Exercise ▸ Would you print the listing that follows exactly, but without its pictures?

Collected data ▸
-- Opening Marker --
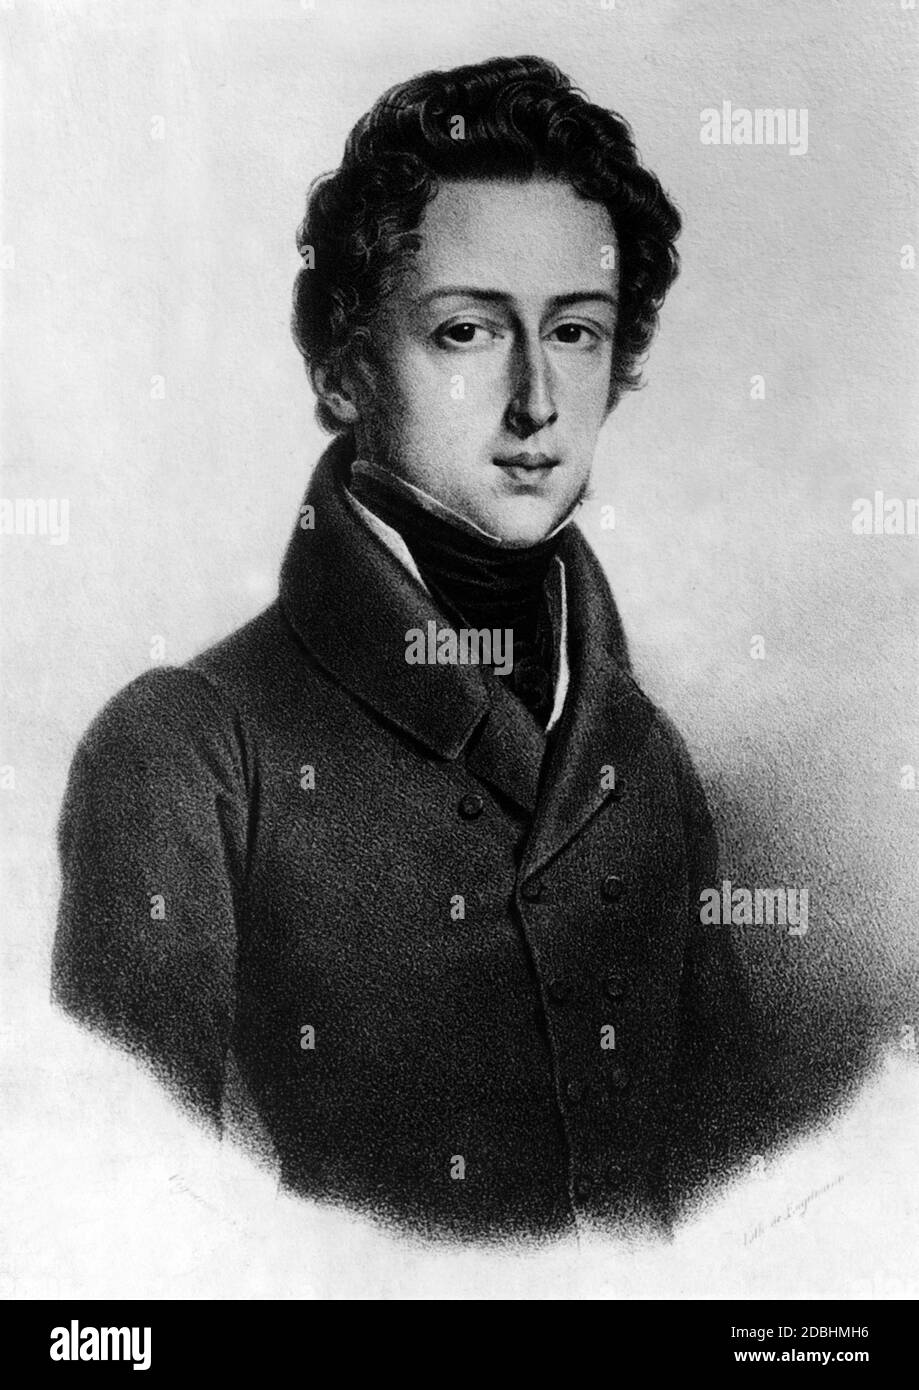 Disegno di Frederic Chopin. Immagine non ondulata. Foto Stock
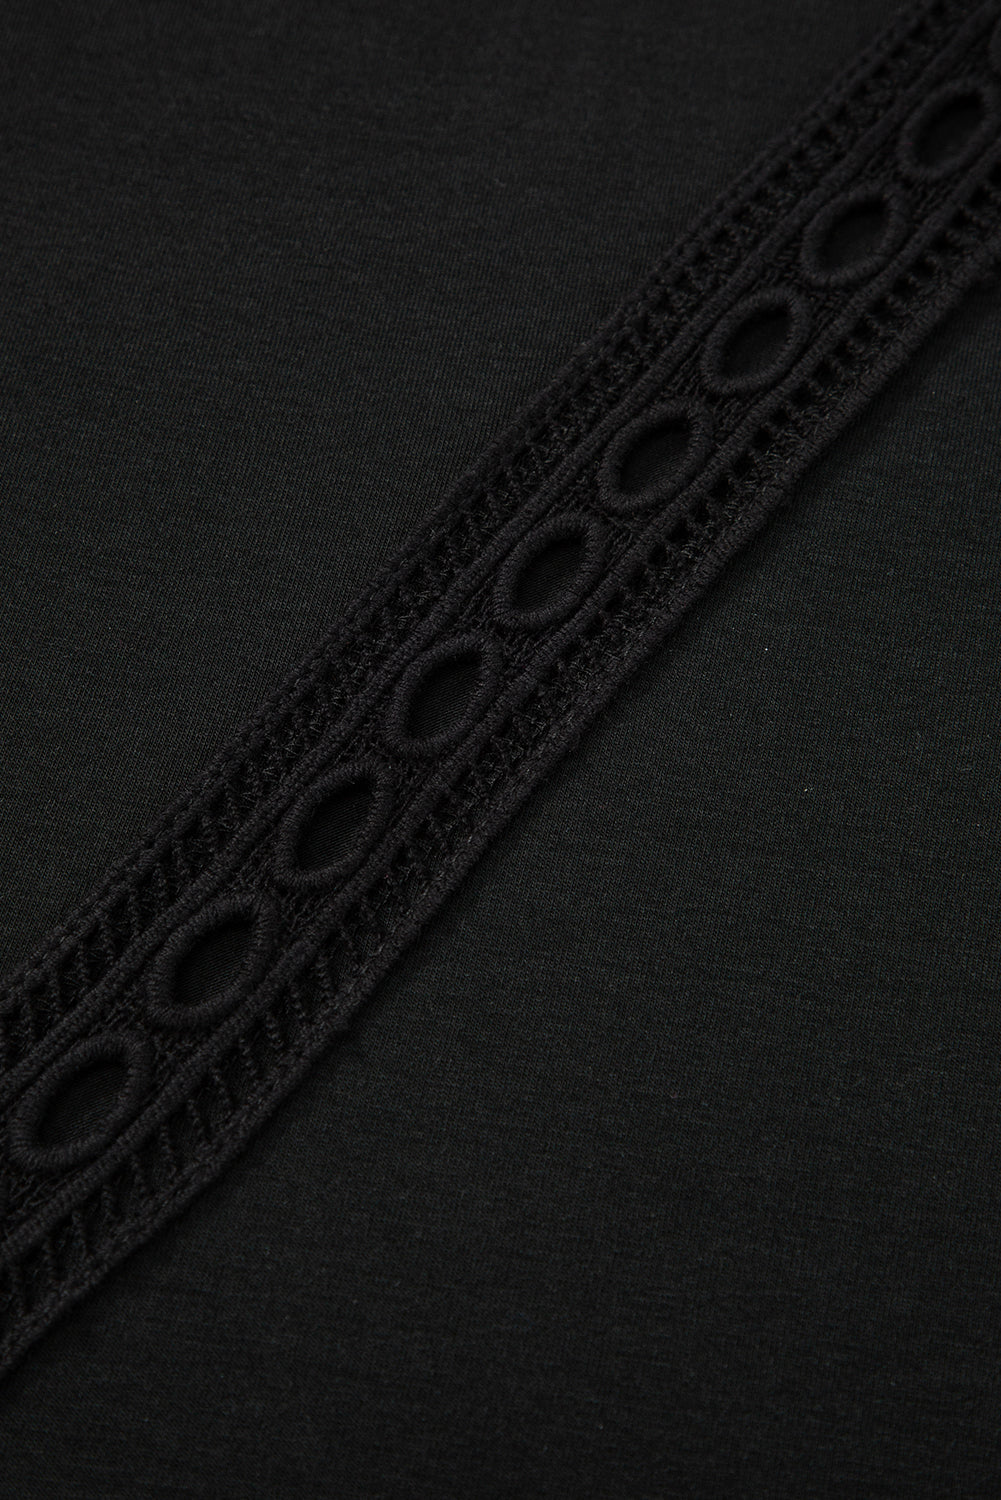 Črna velika majica s kvačkanimi čipkastimi detajli
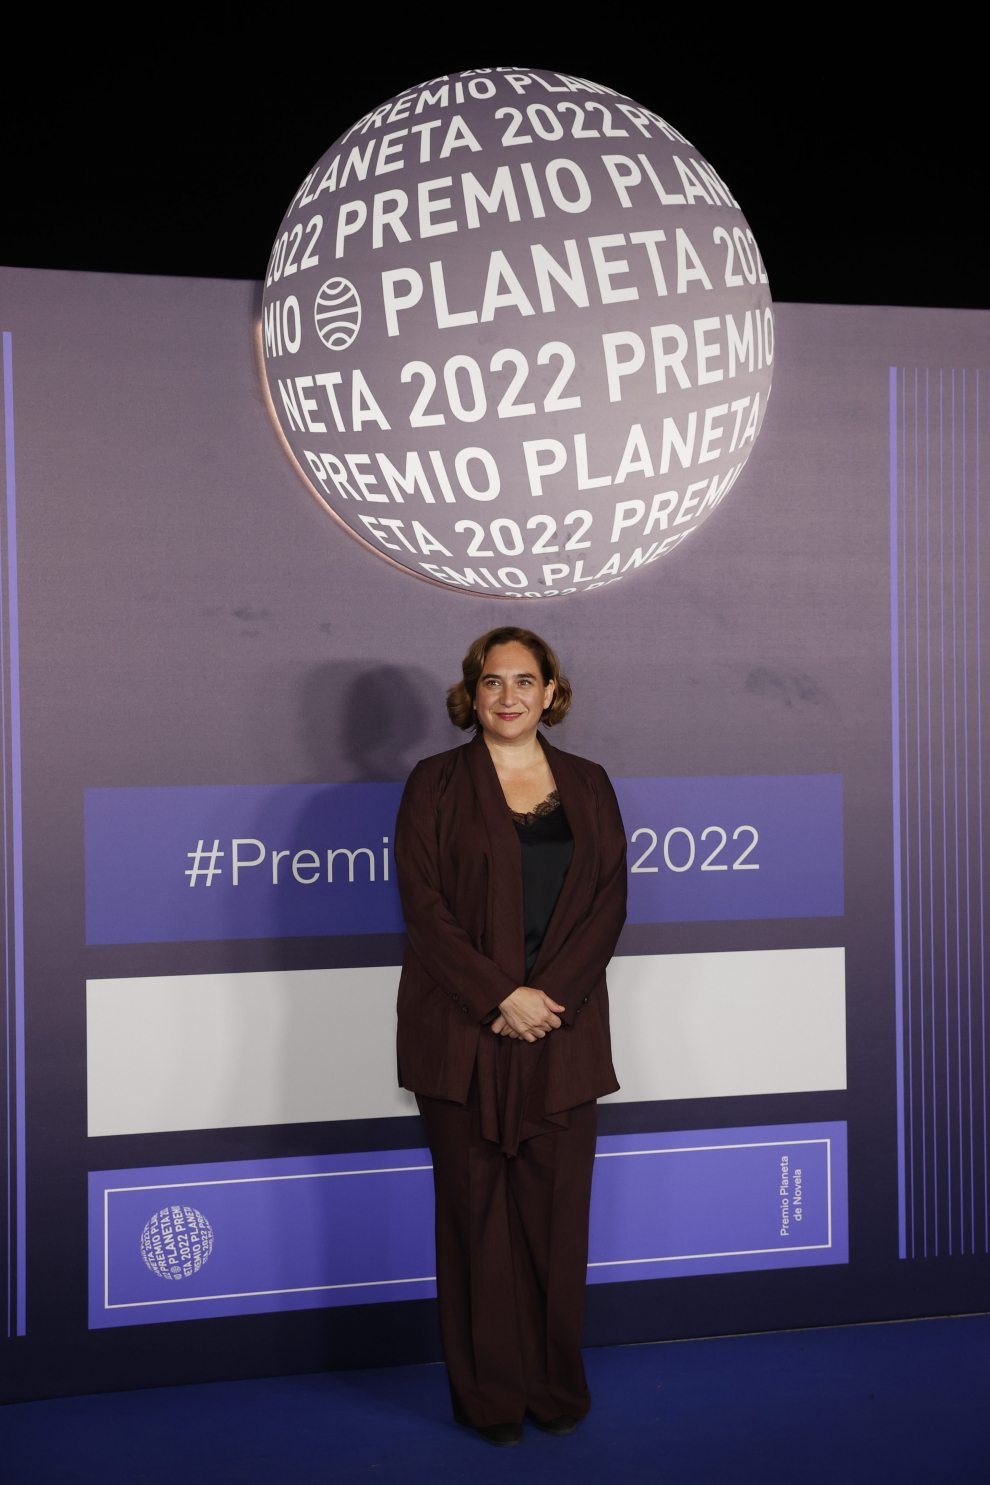 Caras conocidas en la gala del Premio Planeta 2022
-- Closing Marker --
Exercise solution ▸
 Disegno di Frederic Chopin. Immagine non ondulata. Foto Stock
 Črna velika majica s kvačkanimi čipkastimi detajli
 Caras conocidas en la gala del Premio Planeta 2022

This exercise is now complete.